The runway was also used to bring attention to causes as designer Gaurav Gupta brought the issue of climate change on the ramp through his collection 'Melt', in which he tried to create awareness about the effects of climate change and pollution on the environment, and designer Pallavi Mohan showcased 'Synthesis' with a message of tolerance.
The main focus of the edition was fusion wear, which suits international needs.
Designer Gautam Gupta told IANS: "One trend that is still going strong is the androgynous collection, apart from that we are seeing a lot more handloom stuff being done in a contemporary wear. The handloom is being given more importance.
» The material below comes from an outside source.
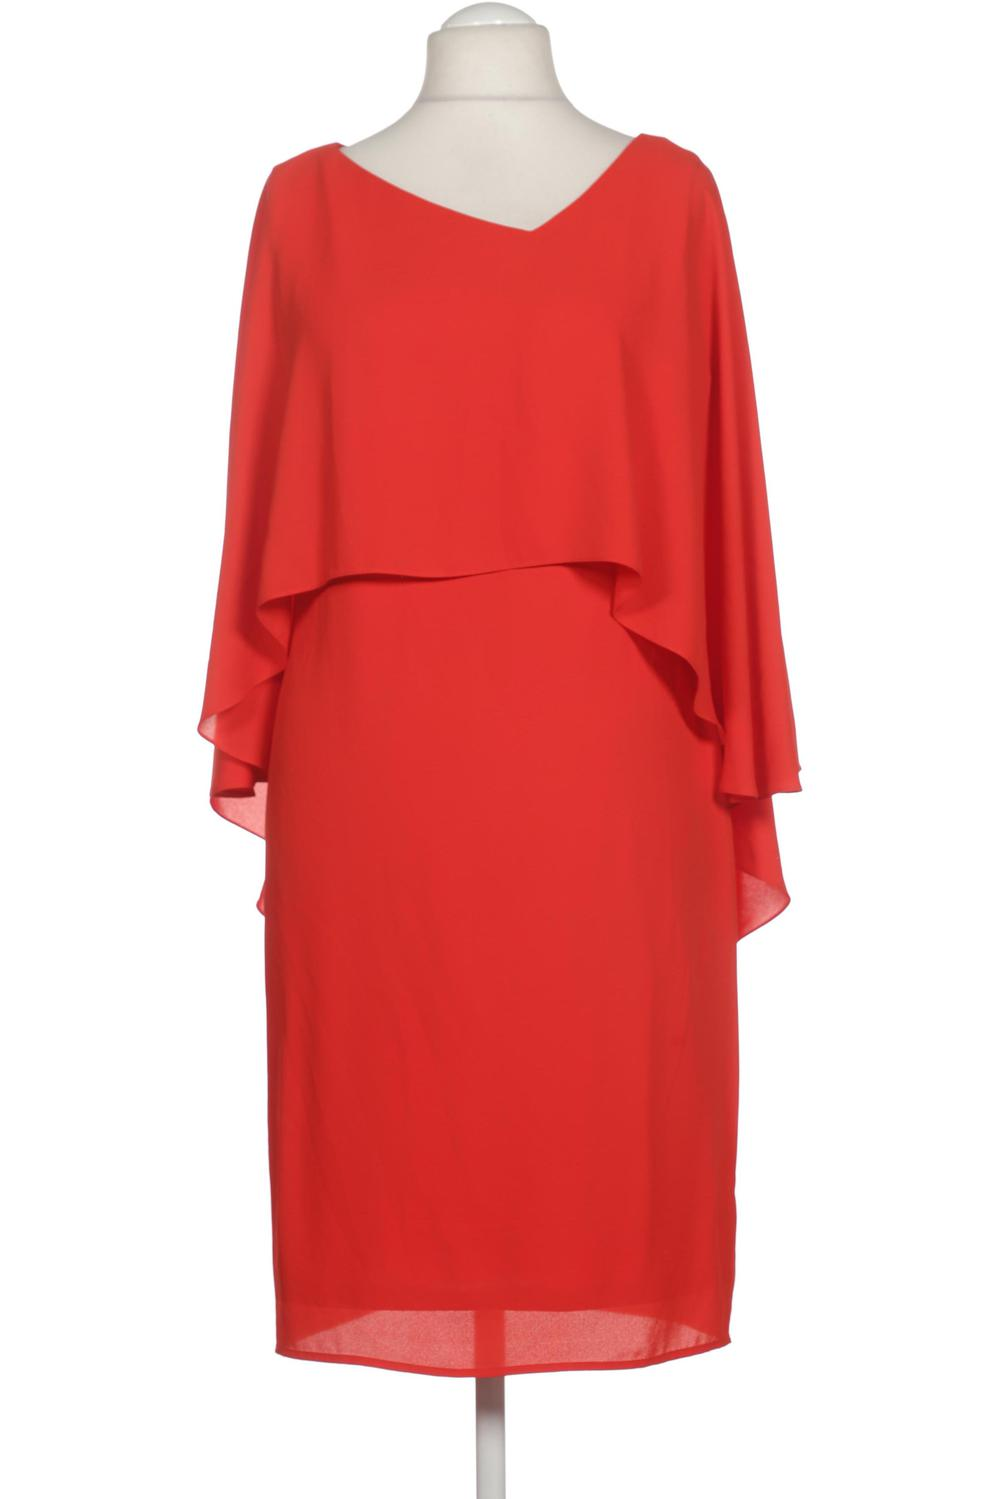 Joseph Ribkoff Damen Kleid UK 16 Second Hand kaufen | ubup

It is being used to make contemporary way so that it can go well with international sensibilities."
Textures like ikat, patola, batek and tribal prints have come back to the ramp, he pointed out and added that these art forms are being "modified, modernised and used so that foreigners can use it".
Organised by the Fashion Design Council of India (FDCI) -- the country's apex fashion body - the runway of 27th edition of the event, in association with Maybelline New York, turned out to be a platform for 45 designers, who showcased their collections at the five-day event through 30 shows.
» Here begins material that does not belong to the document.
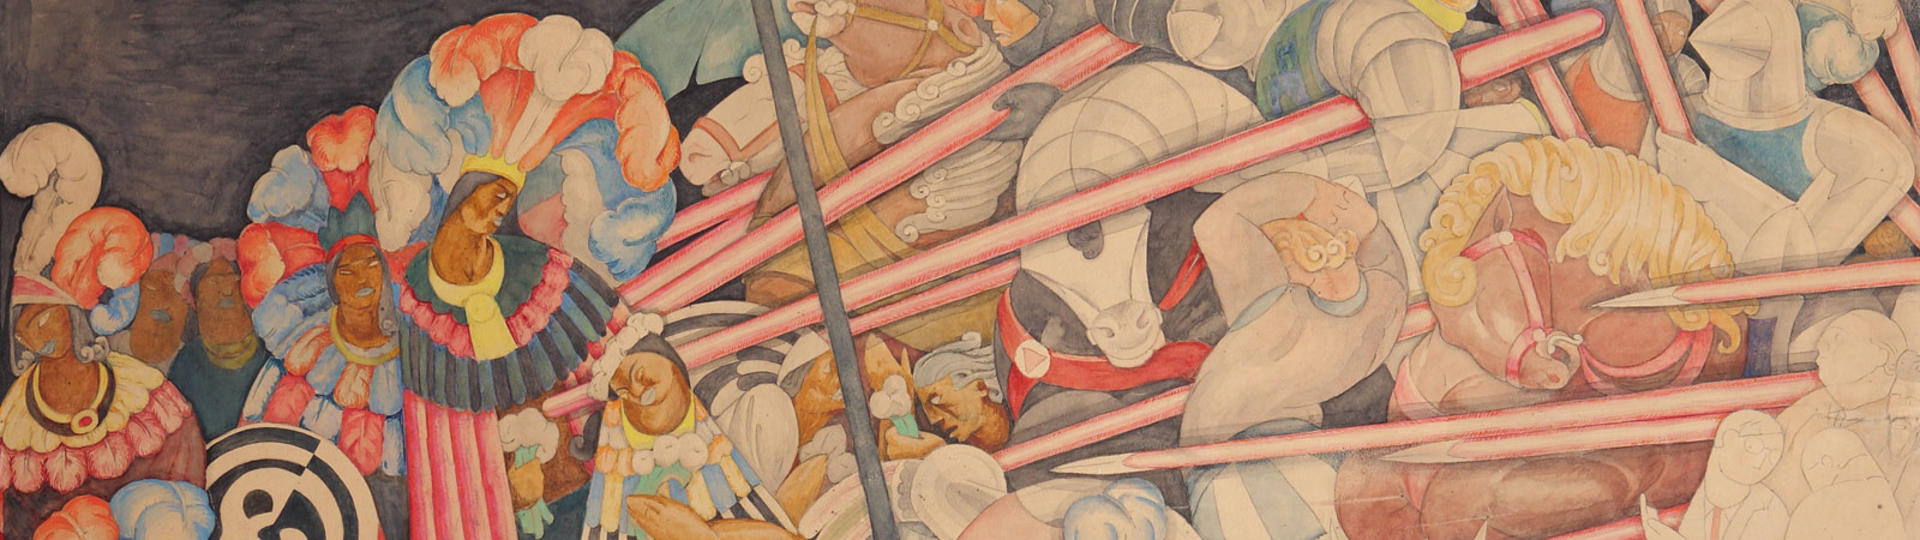 Jean Charlot, Massacre in the Main Temple

On the business front, FDCI president Sunil Sethi told IANS that though it has been an "encouraging season", numbers can't be shared.
"In my conversations with almost all the designers, I found out that business has doubled. Also buyers have come to us and said that they have placed larger volume orders this year. We had lot of buyers from Middle East, US, Hong Kong, Europe, Israel and Russia," Sethi said.
However, Gupta has a different story to tell.
"My friends have told me that international buyers are not ordering that much as compared to what they used because international market is very weak. Secondly, they have more options along with India," Gupta said.
Nevertheless, designers were also focussing hard on Indian market.
"India is a very important market for sure. You can't win the world if you are not good in your own country. We are growing business within India also," Mishra said.
Chauhan said that this time, "domestic buyers were also keen to stock their collection".
In terms of colour code, the designers played with earthy tones, white, blue, indigo, browns, beige, gold with an occasional splash of orange, red, and pink.
And adding more colour and glamour to the event were Bollywood stars like Athiya Shetty, Randeep Hooda, Shriya Saran, Aditi Rao Hydari and Malaika Arora Khan.
Wrestler-actor Sangram Singh launched his affordable sportswear range 'SGX by Sangram Singh'.